I split the difference and built a little rack for it on the roof if I was going to be traveling, or in parking lots for awhile. At least I got half output! At the Beach or in the Bush, I could take it down and get full tracking. Obviously, a BIG system is going to have to be roof mounted. They have tracking systems you can install, but they ain’t cheap! There’s some DIY trackers if you’re handy.
You can run a system with 12 volt panel (really about 18 volt Open Circuit Voltage, to account for voltage losses to the battery), but you have to turn them off and on manually via a switch or plug when the charge voltage reaches about 14- 14.5 volts. There are fairly cheap charge controllers that will do it for you automatically, as well. I rarely topped my 200 watt system off with solar alone, so I just unplugged on the few times I hit 14.5 volts.

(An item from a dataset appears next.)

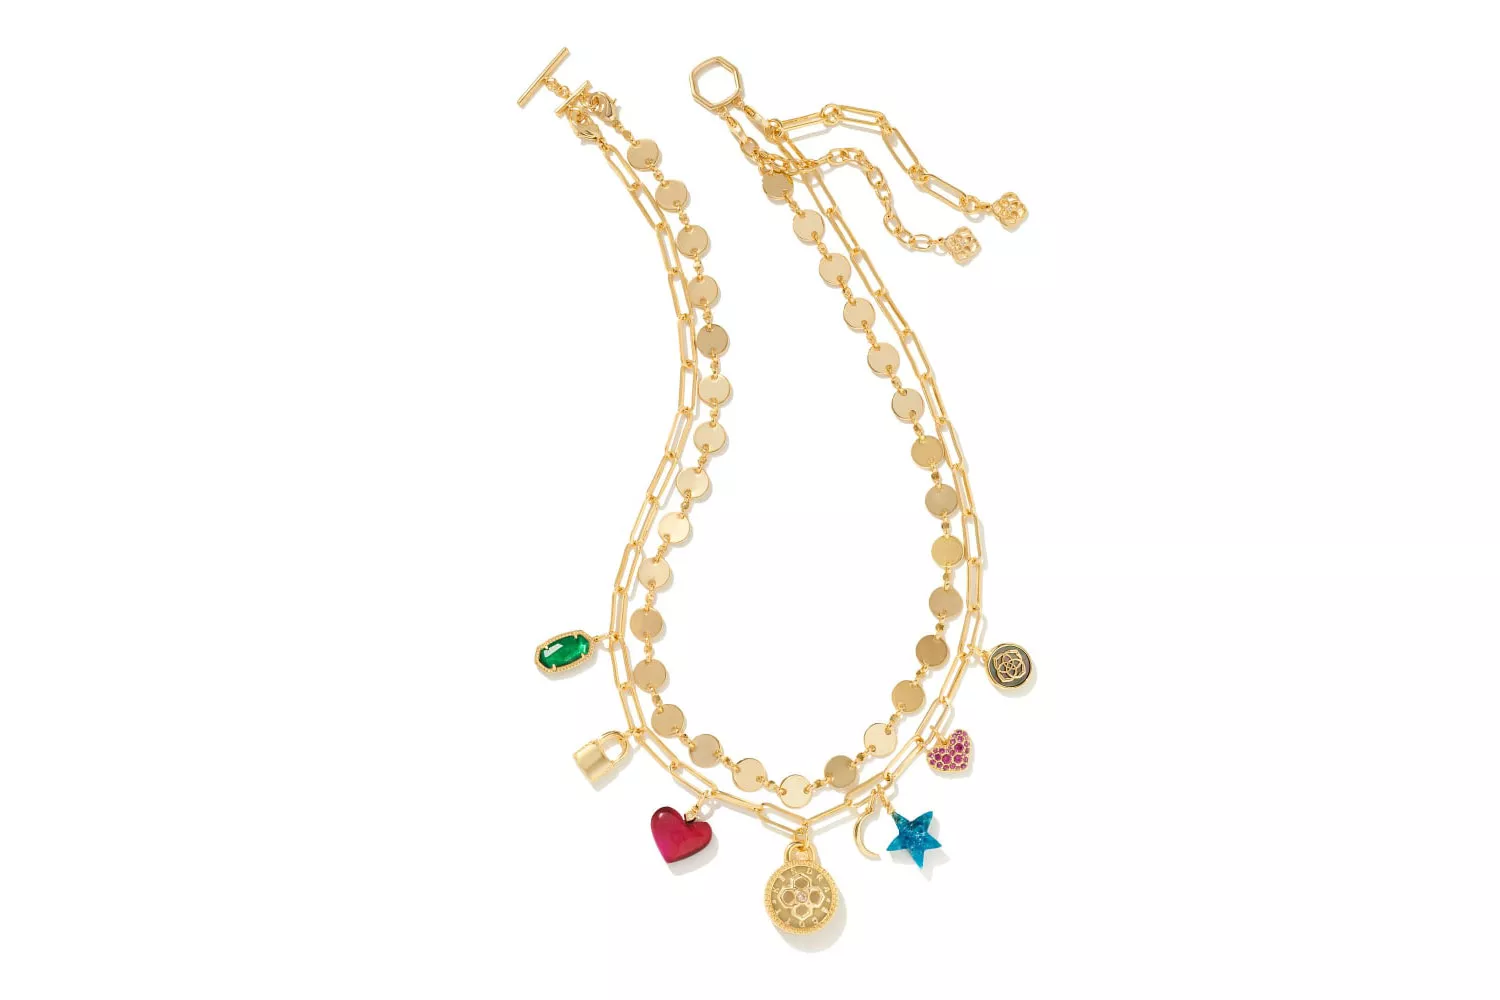 Kendra Scott Frankie Convertible Gold Crystal Charm Necklace in Multi Mix
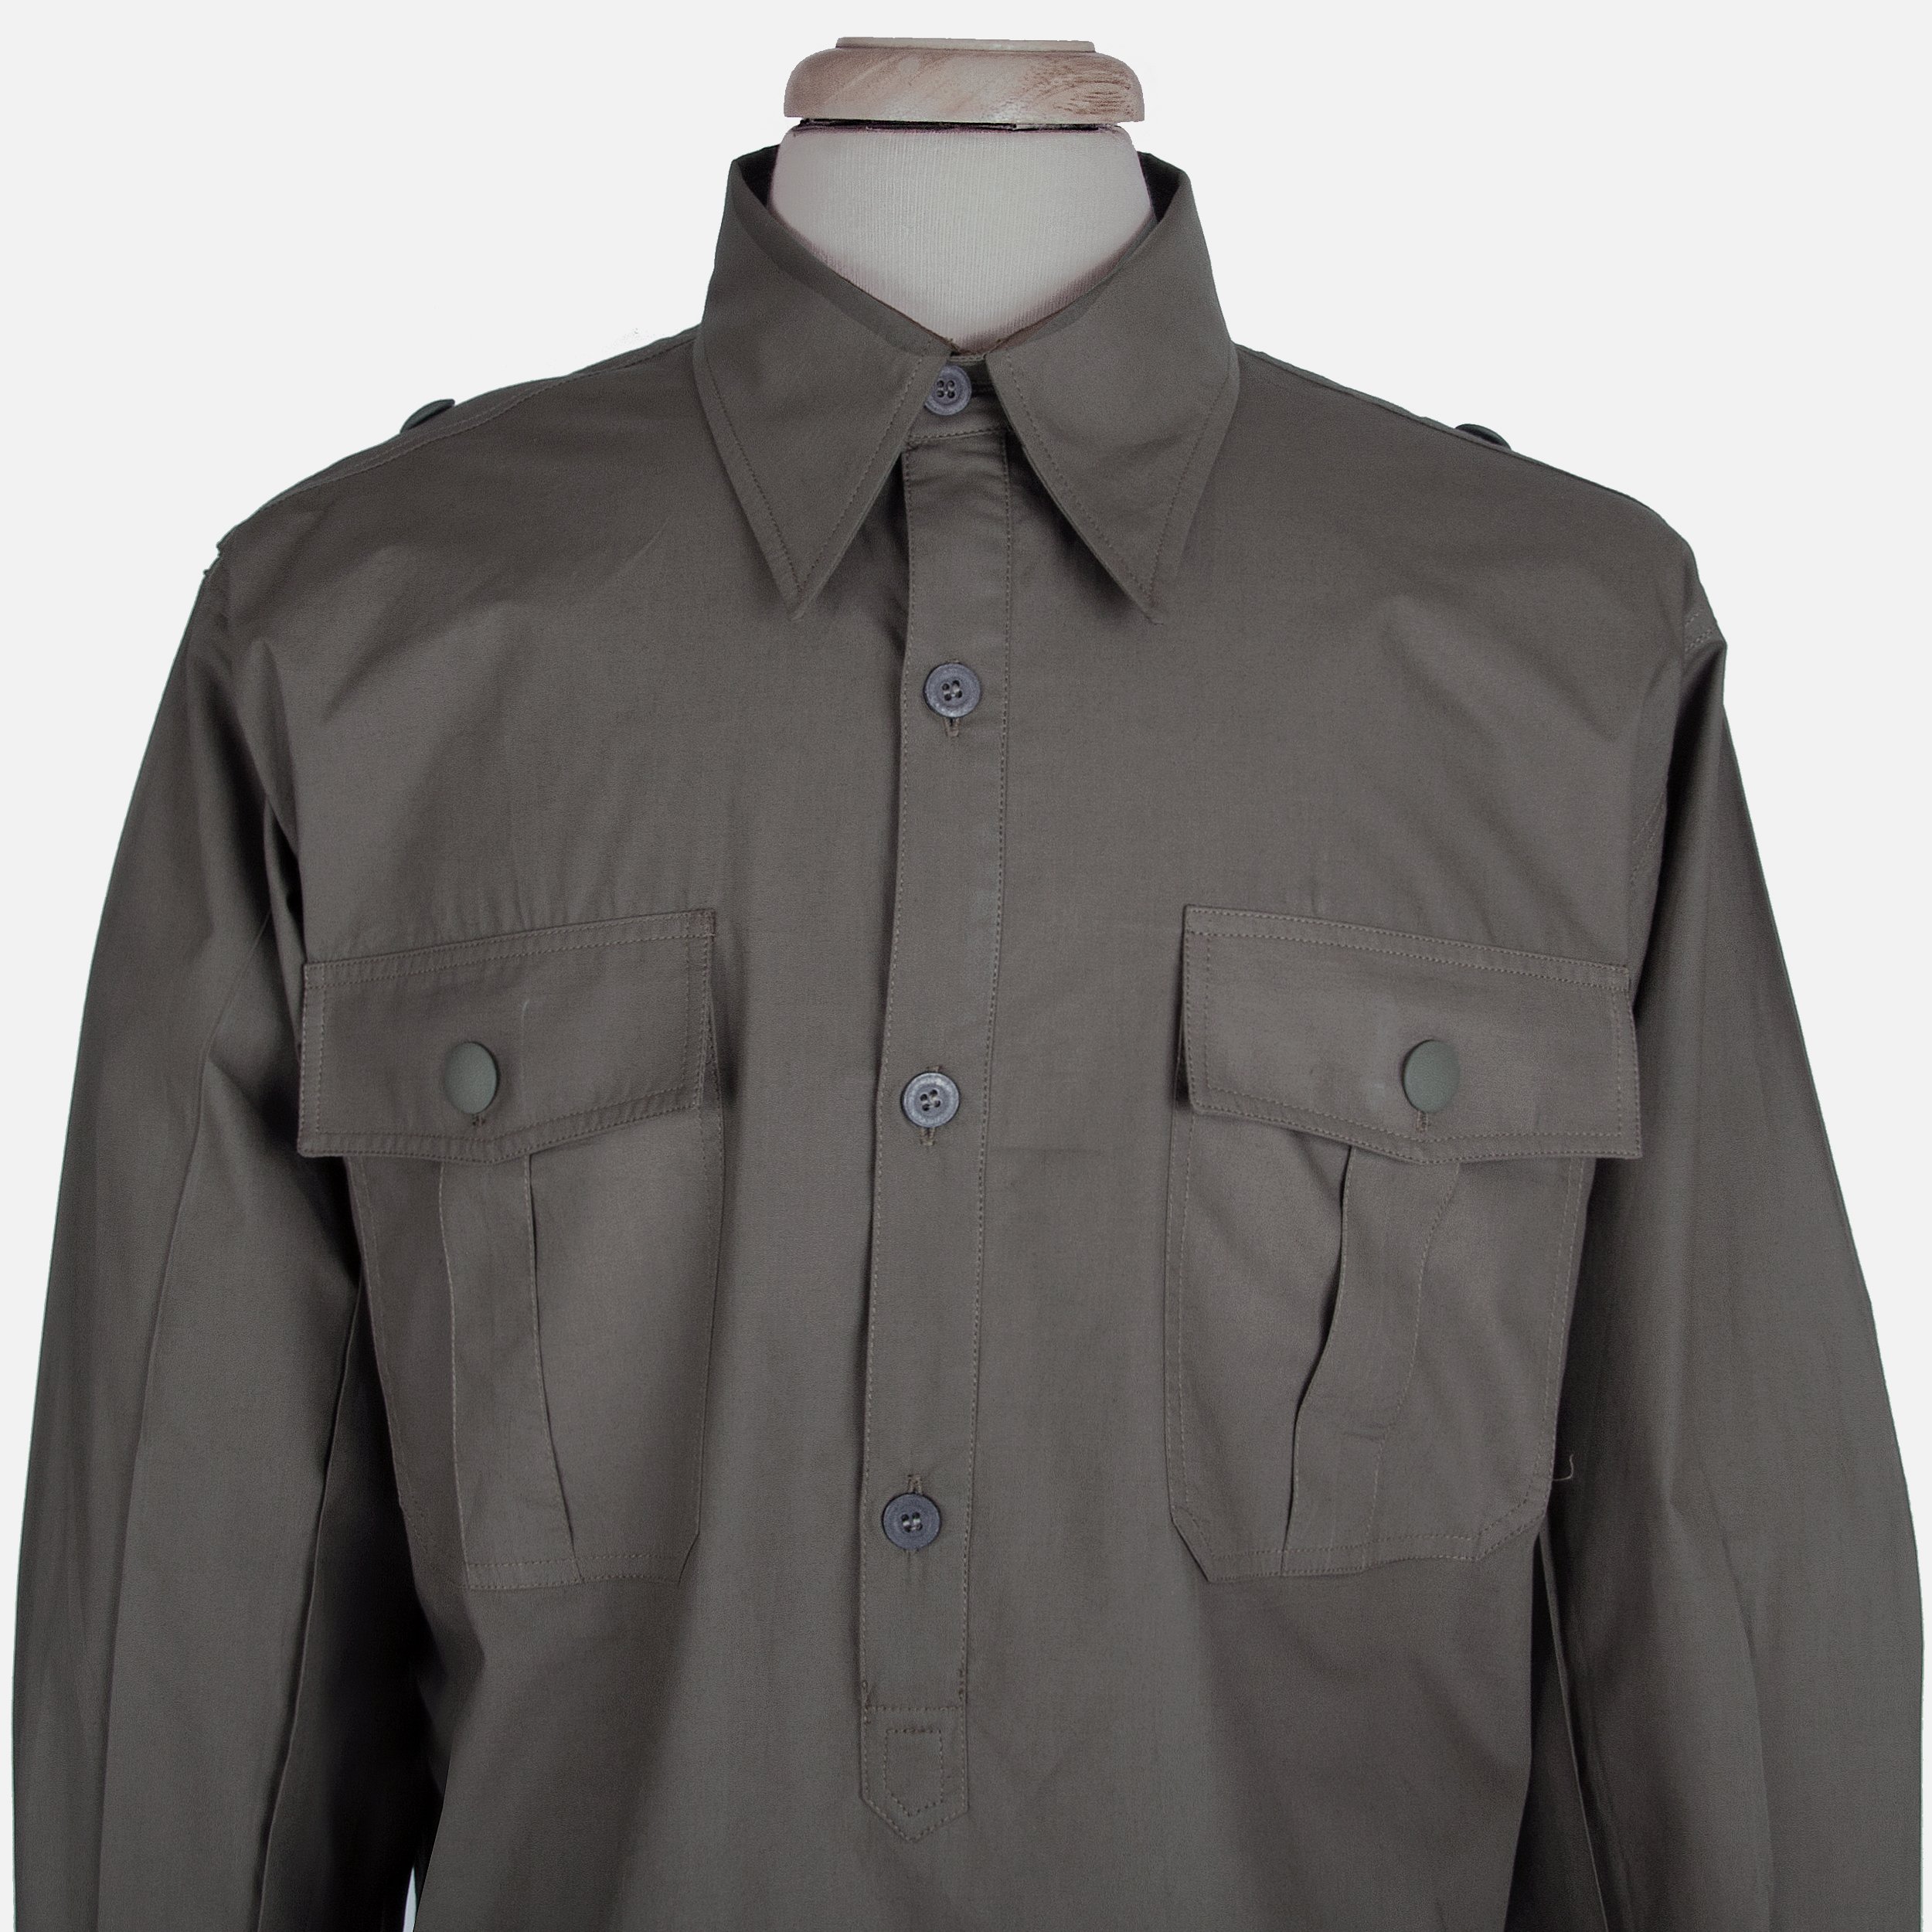 SM Wholesale USA — New German WWII Olive Service Shirt

With my larger system, I use what is called a MPPT controller. The advantage of this more expensive controller is, it allows you to use higher voltage panels (often cheaper) which will still produce output even on hazy/partly cloudy days. If your panels are 60 volt, for example, the MPPT controller uses it’s built in chip to figure all the available Watts comming in, and convert it to the perfect voltage for charging. This means you will get all the available Amps (the TRUE measure of your battery “‘fill”).
So, on a hazy day your 400 watt system is only putting out 100 watts with your voltage cut in half. With 12 volt panels, you probably wouldn’t even generate enough voltage to “push” the amps produced (say 8), into the battery. My 12 volt panel would typically fall to zero output if any normal cloud was overhead. However, with a 60V panel, I still have 30 volts- far above the battery charging threshold. The MPPT takes the 100 watts (30 volts X 3.33 Amps), and converts it to the battery charging voltage I need (say 13.8). NOW, that 100 watts looks like this: (100W= 13.8V X 7.25A)! I get 7.25A charge into my system instead of near zero.
Over time, especially if you are boondocker like me, that extra energy production really adds up. And in the end, THAT’S what you are paying for when you buy these solar panels. May as well get the most out of that investment by spending bot more upfront! Now if you were a casual camper, it would probably be cheaper just to get a nice inverter generator and charge your batteries daily with that. I use both depending on demand. Especially with all the new power tools, satellite TV, satellite radio, etc.
Sorry for the length of the post, but hopefully that details some of the real world experiences from someone who has been off-grid more of his life than he’s been on. I find the minor inconveniences of off-grid living totally worth the absolute freedom I enjoy… Happy Camping!